__Required action__:
All the data should be repeated exactly. Any image in it is left out.

#### Raw data ####

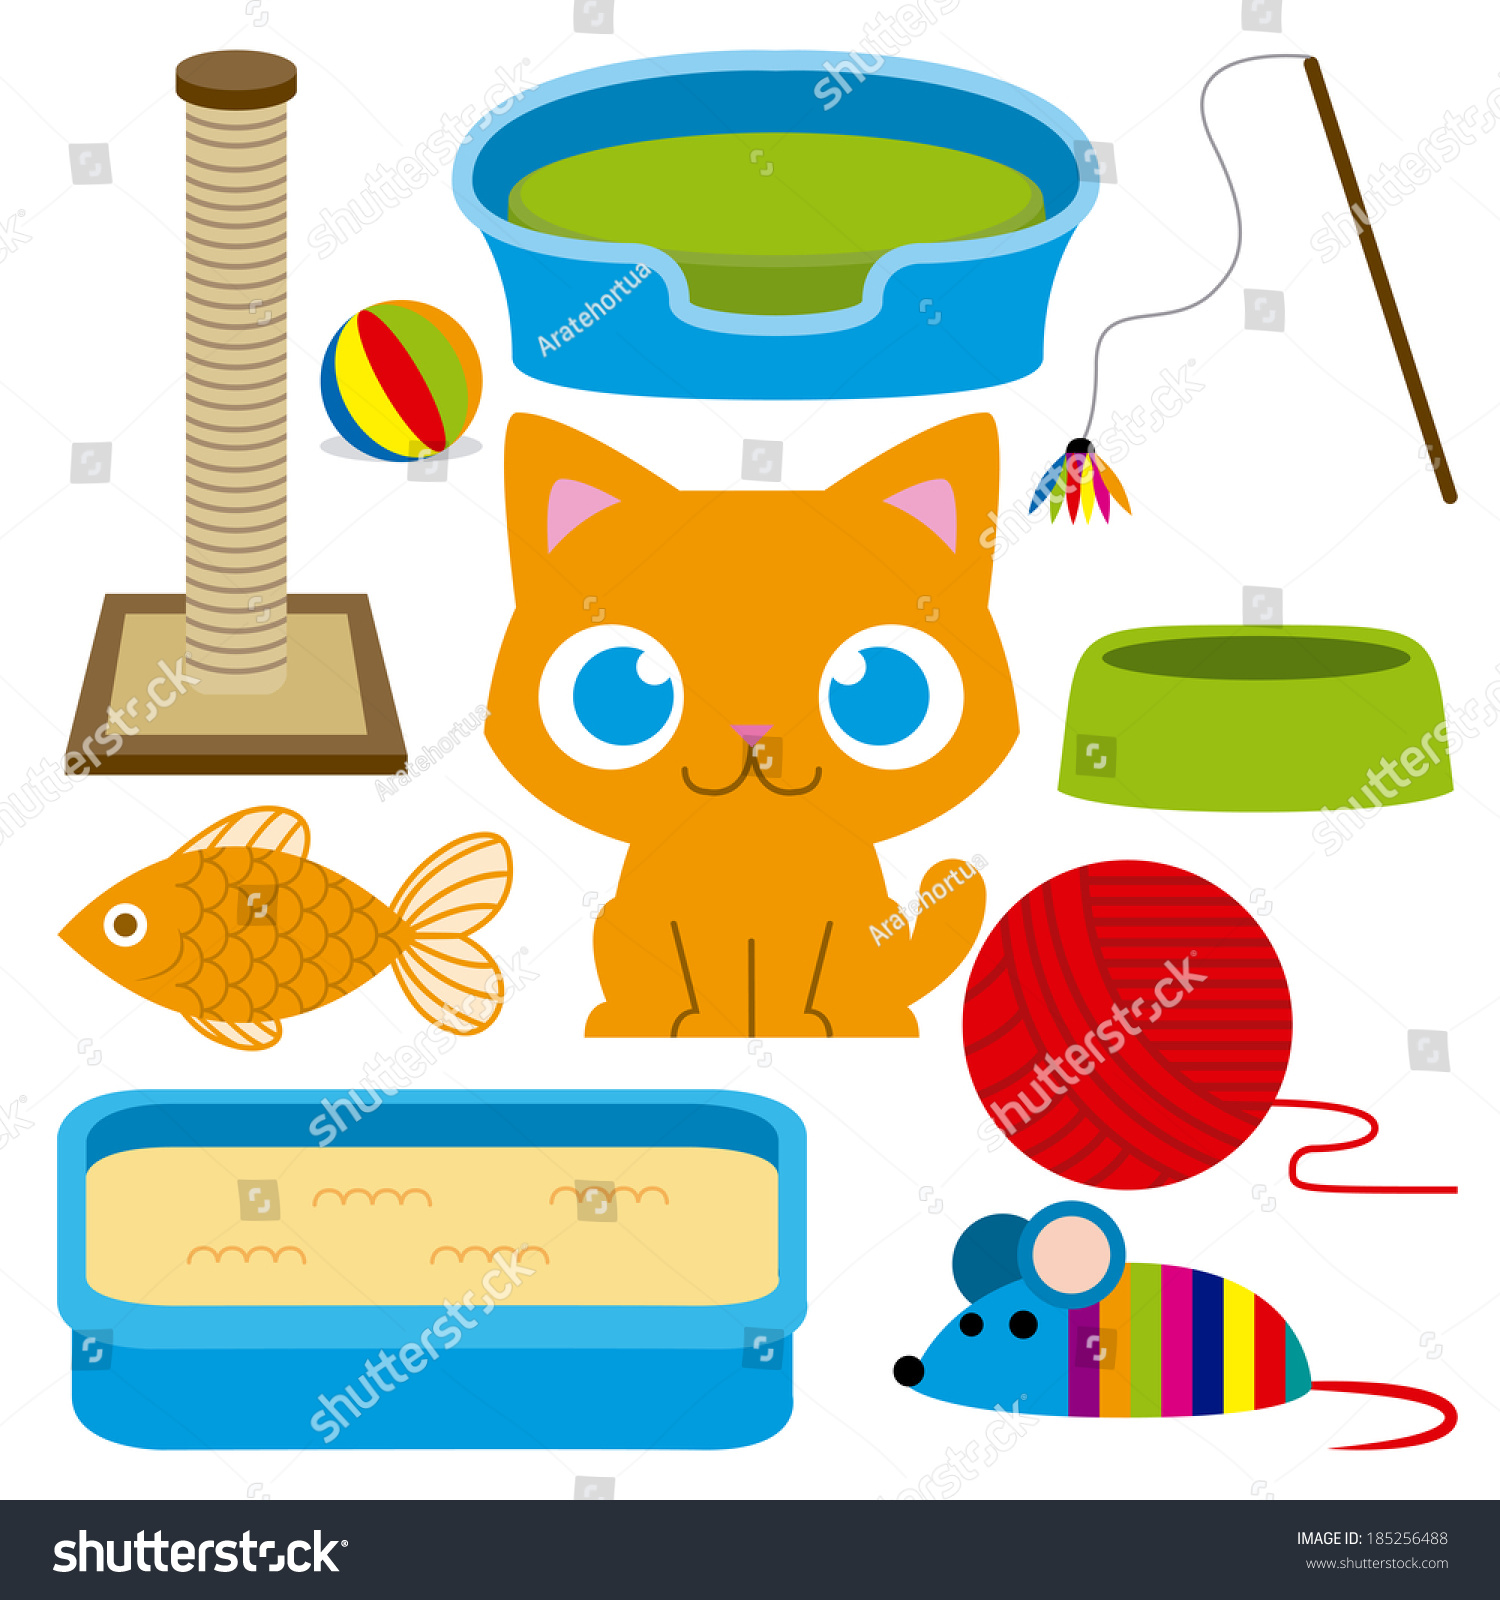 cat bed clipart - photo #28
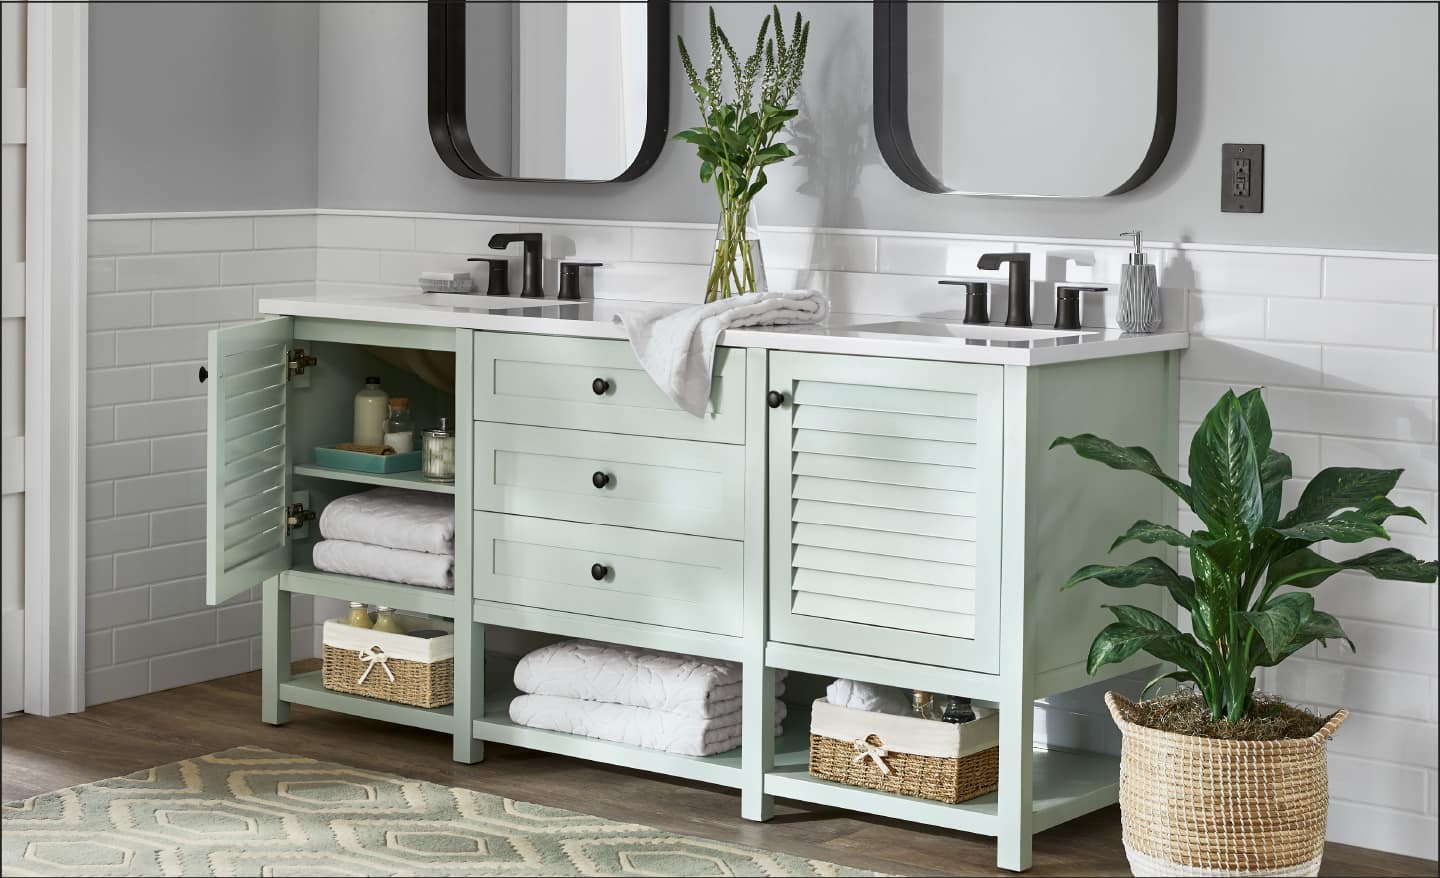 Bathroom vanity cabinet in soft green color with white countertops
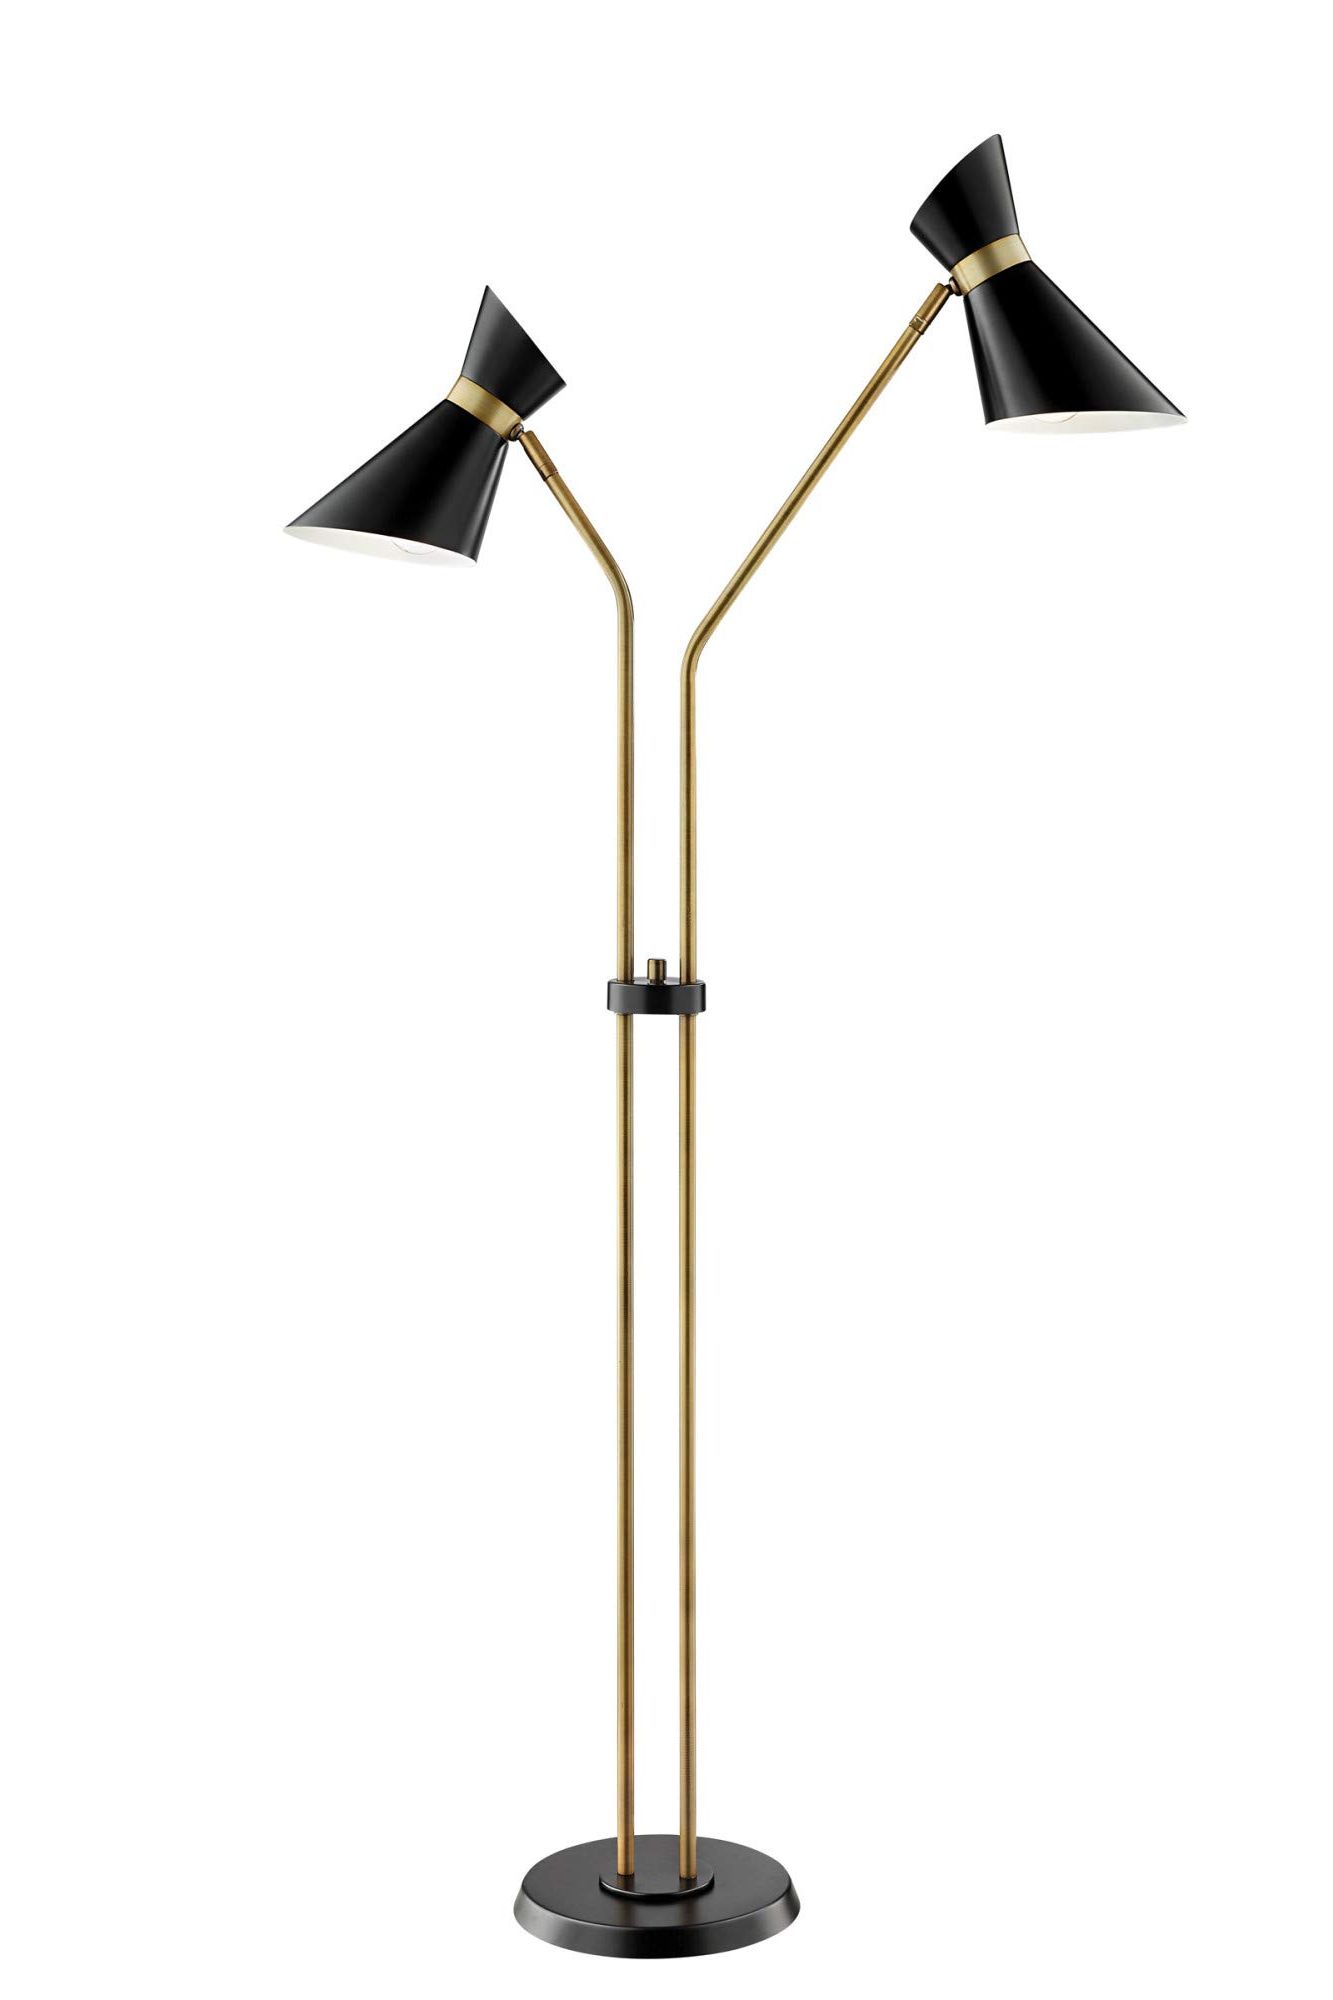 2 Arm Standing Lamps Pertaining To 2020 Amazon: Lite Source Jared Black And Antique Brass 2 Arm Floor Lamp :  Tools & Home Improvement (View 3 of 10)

####

__Solution to this exercise__:
 cat bed clipart - photo #28
 Bathroom vanity cabinet in soft green color with white countertops
 2 Arm Standing Lamps Pertaining To 2020 Amazon: Lite Source Jared Black And Antique Brass 2 Arm Floor Lamp :  Tools & Home Improvement (View 3 of 10)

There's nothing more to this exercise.